The Mudcat Café TM
Thread #162666   Message #3879670
Posted By: Vic Smith
01-Oct-17 - 05:59 PM
Thread Name: New Book: Folk Song in England
Subject: RE: New Book: Folk Song in England
"THE LITTLE SHIRT MY MOTHER MADE FOR ME"
This song was written by Harry Wincott. It was recorded by music hall singers not long after it was written. Wincott was born in London on New Year's Day 1867. He wrote a number of songs that have had an enduring popularity including "The Old Dun Cow", "Mademoiselle from Armentières" and the one I give above. My dad (born in rural Oxfordshire in 1914) used to sing it frequently around the house and as a youngster it drove me mad, but he sang it so frequently that I learned it word for word by osmosis. When I started encouraging the old singers of Sussex to come to our folk club, I started to hear it again. George Belton might sing it next to "The Bold Fisherman". George Spicer might sing it next to "The Barley Mow" Spicer's tune was substantially the same as my dad's but he had an extra verse that Wincott did not write. Belton's tune and rhythm was noticeably different from the way my dad sang it. The words all three sang were different from the way it was written. Belton had an extra verse that Wincott did not write. Bradley Kincaid's version (recorded 1933) and Wilf Carter's (1942) brought it into circulation again but not as much as Marty Robbins' from 1983. For a while it became a Country music standard.

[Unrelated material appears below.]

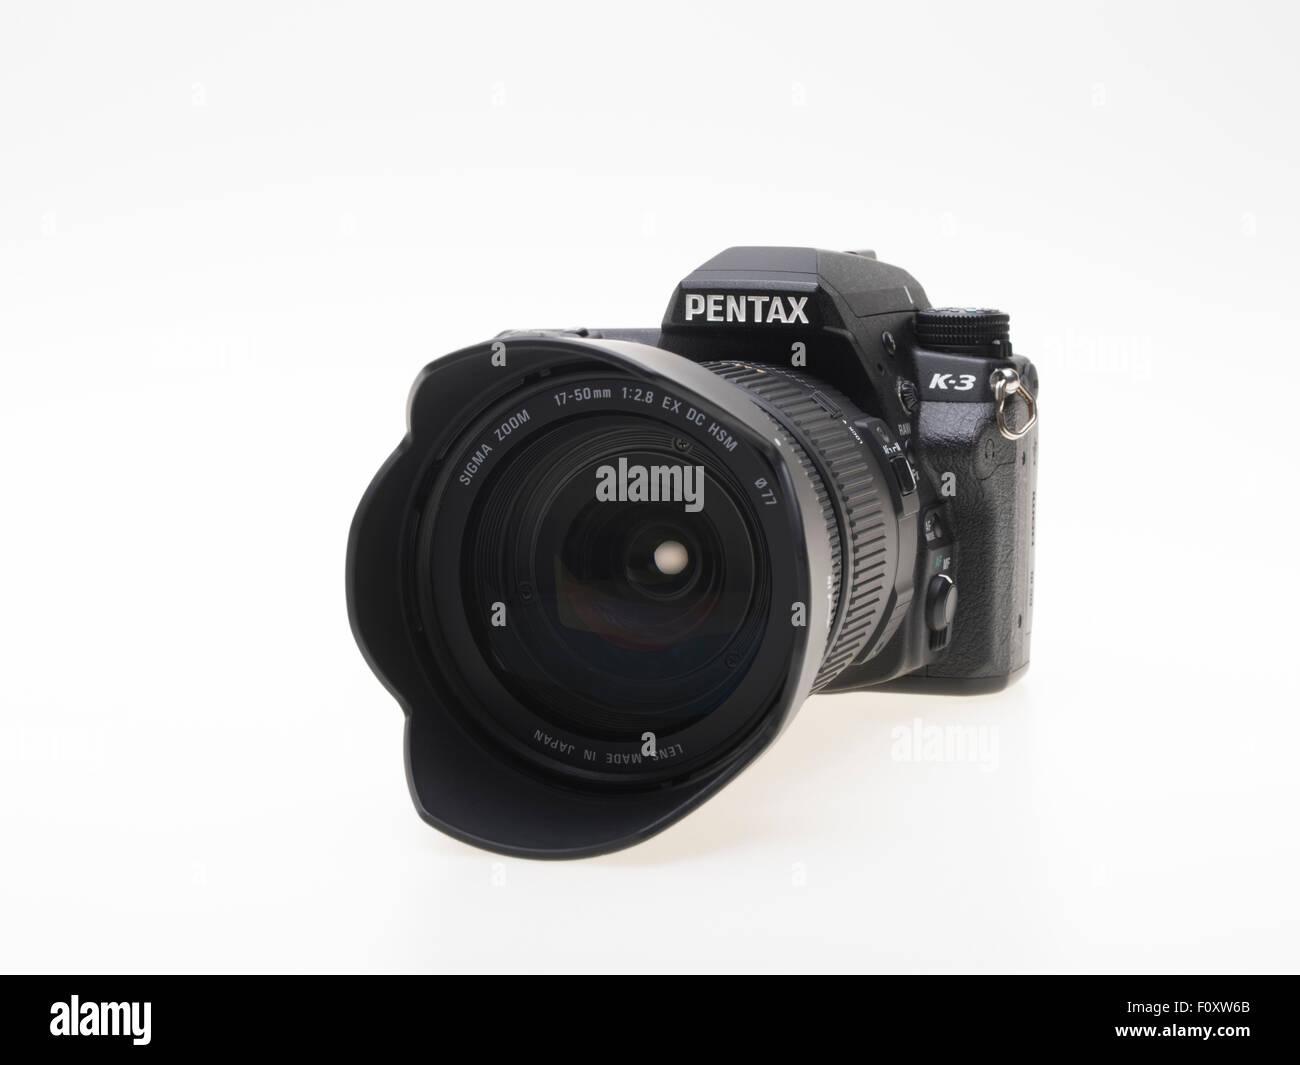 Pentax K3 DSLR camera with Sigma 17-50 f2.8 zoom lens - Stock Image

In sense that we know who wrote it this is not a folk song. However, it behaves like a folk song; it has entered the oral tradition; it changes and develops; in the Sussex versions it becomes localised in Brighton; the people who sing it have no idea who wrote it or where it came from.
Steve Roud has included the various changed versions of The Little Shirt Me Mother Made For Me that were collected by prominent and well-respected song collectors from highly regarded traditional singers in Sussex.
Some here will right that this is right; others will say that it is wrong. I wonder how much it matters.